Anadarko, through a wholly owned subsidiary, holds a 30% working interest and is the operator of BM-C-30. Devon Energy Corp. holds 25%, IBV Brasil Petróleo Limitada, a wholly owned subsidiary of Bharat PetroResources Limited and Videocon Industries, holds 25%, and SK Energy Co. holds the remaining 20%.

Also in the Campos Basin, in the adjacent BM-C-32 Block, Anadarko and partners are drilling the Itaipu prospect, where Anadarko holds a 33% working interest. The Itaipu well will test a pre-salt geologic feature similar to the adjacent Jubarte Field, estimated to hold up to 2 billion barrels of recoverable oil and currently producing about 18,000 bpd of 30°API light oil.

OGX: A young giant. Since its inception in June 2007, OGX Petróleo e Gás Participações SA has established a leading position in the Brazilian E&P sector by acquiring a large and diversified portfolio of high-potential exploration blocks. The new kid on the block is a giant independent company whose President Eike Batista, a college dropout, is Brazil’s richest person with a net worth of $7.5 billion, according to Forbes magazine.
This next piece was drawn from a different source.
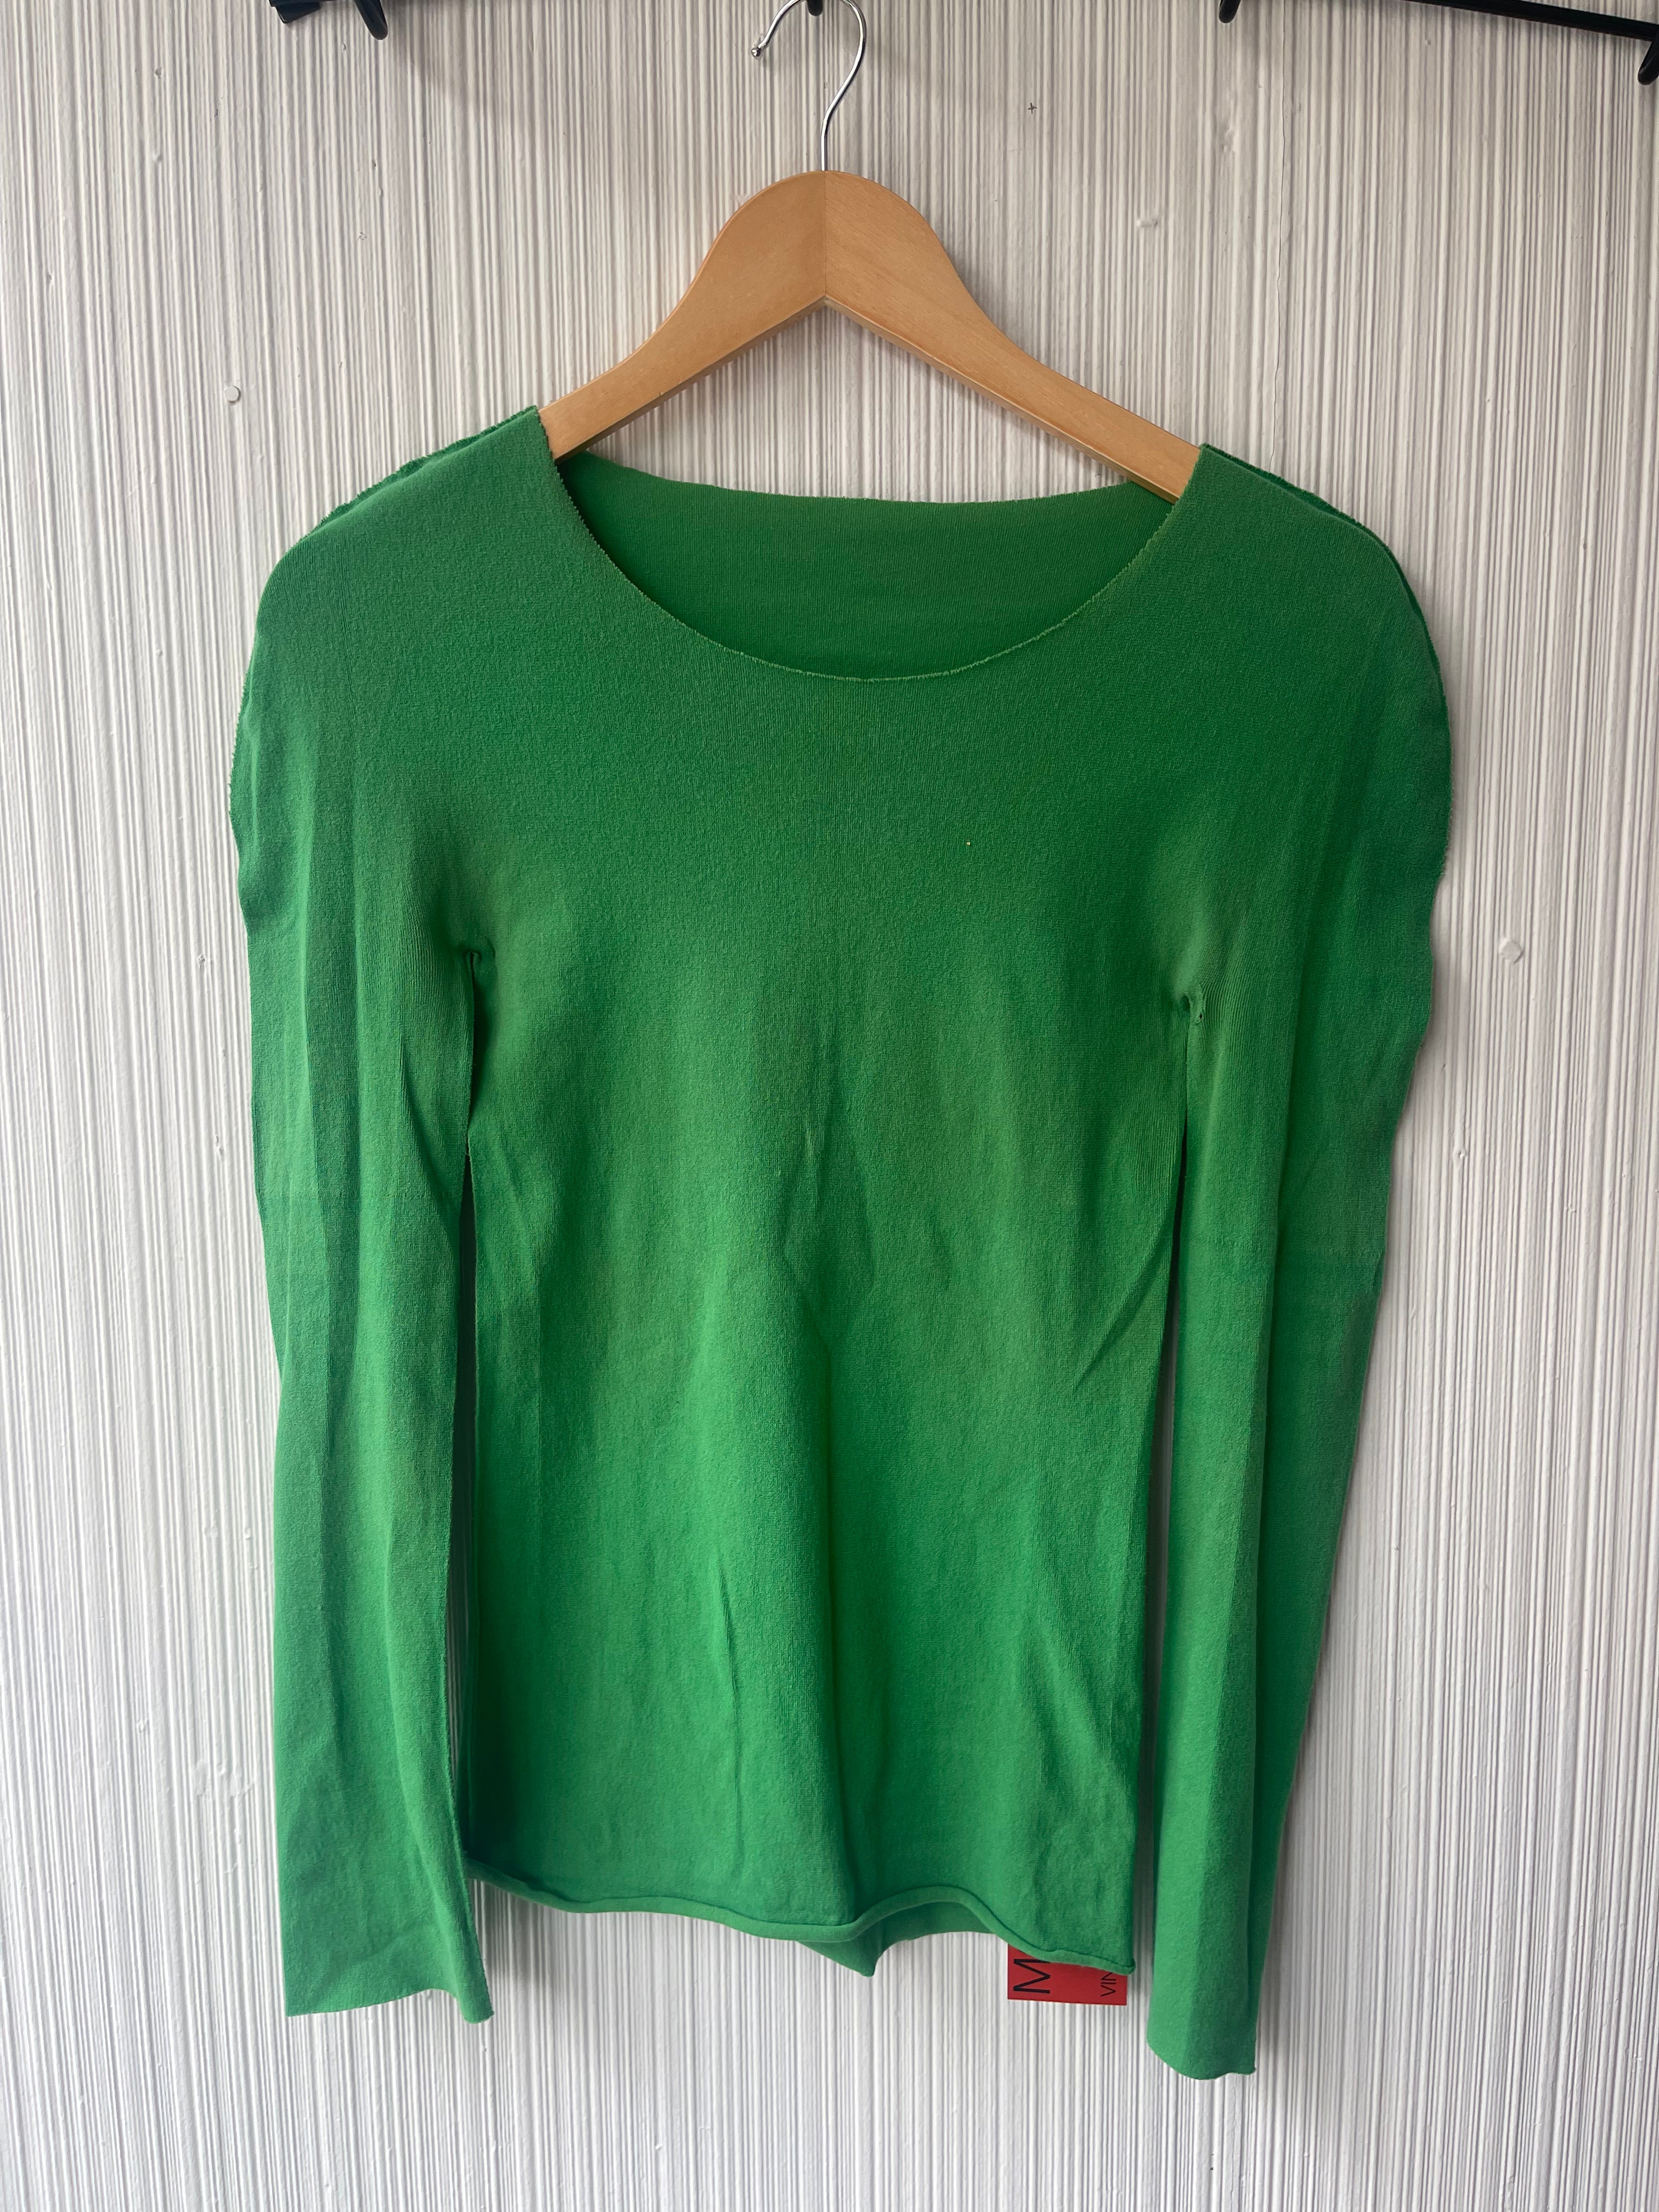 Issey Miyake APOC green woven net neck top

In November 2007, OGX raised $1.3 billion in an equity private placement, providing capital to purchase concession rights in the Ninth Bidding Round held by the ANP. OGX acquired concession rights to 21 exploratory blocks in the Campos, Santos, Espírito Santo and Pará-Maranhão Basins, comprising a total area of 6,400 sq km (1.7 million acres). Thus, in terms of offshore exploratory acreage, OGX is now the largest Brazilian private oil and gas company.

In November 2009, OGX released the results of a report prepared by DeGolyer & MacNaughton (D&M) that certifies that OGX’s net risked prospective resources are 6.7 billion boe. D&M was also responsible for OGX’s first appraisal report in March 2008, which estimated 4.8 billion boe of net risked prospective resources with an average probability of success of 27% based primarily on 2D seismic data.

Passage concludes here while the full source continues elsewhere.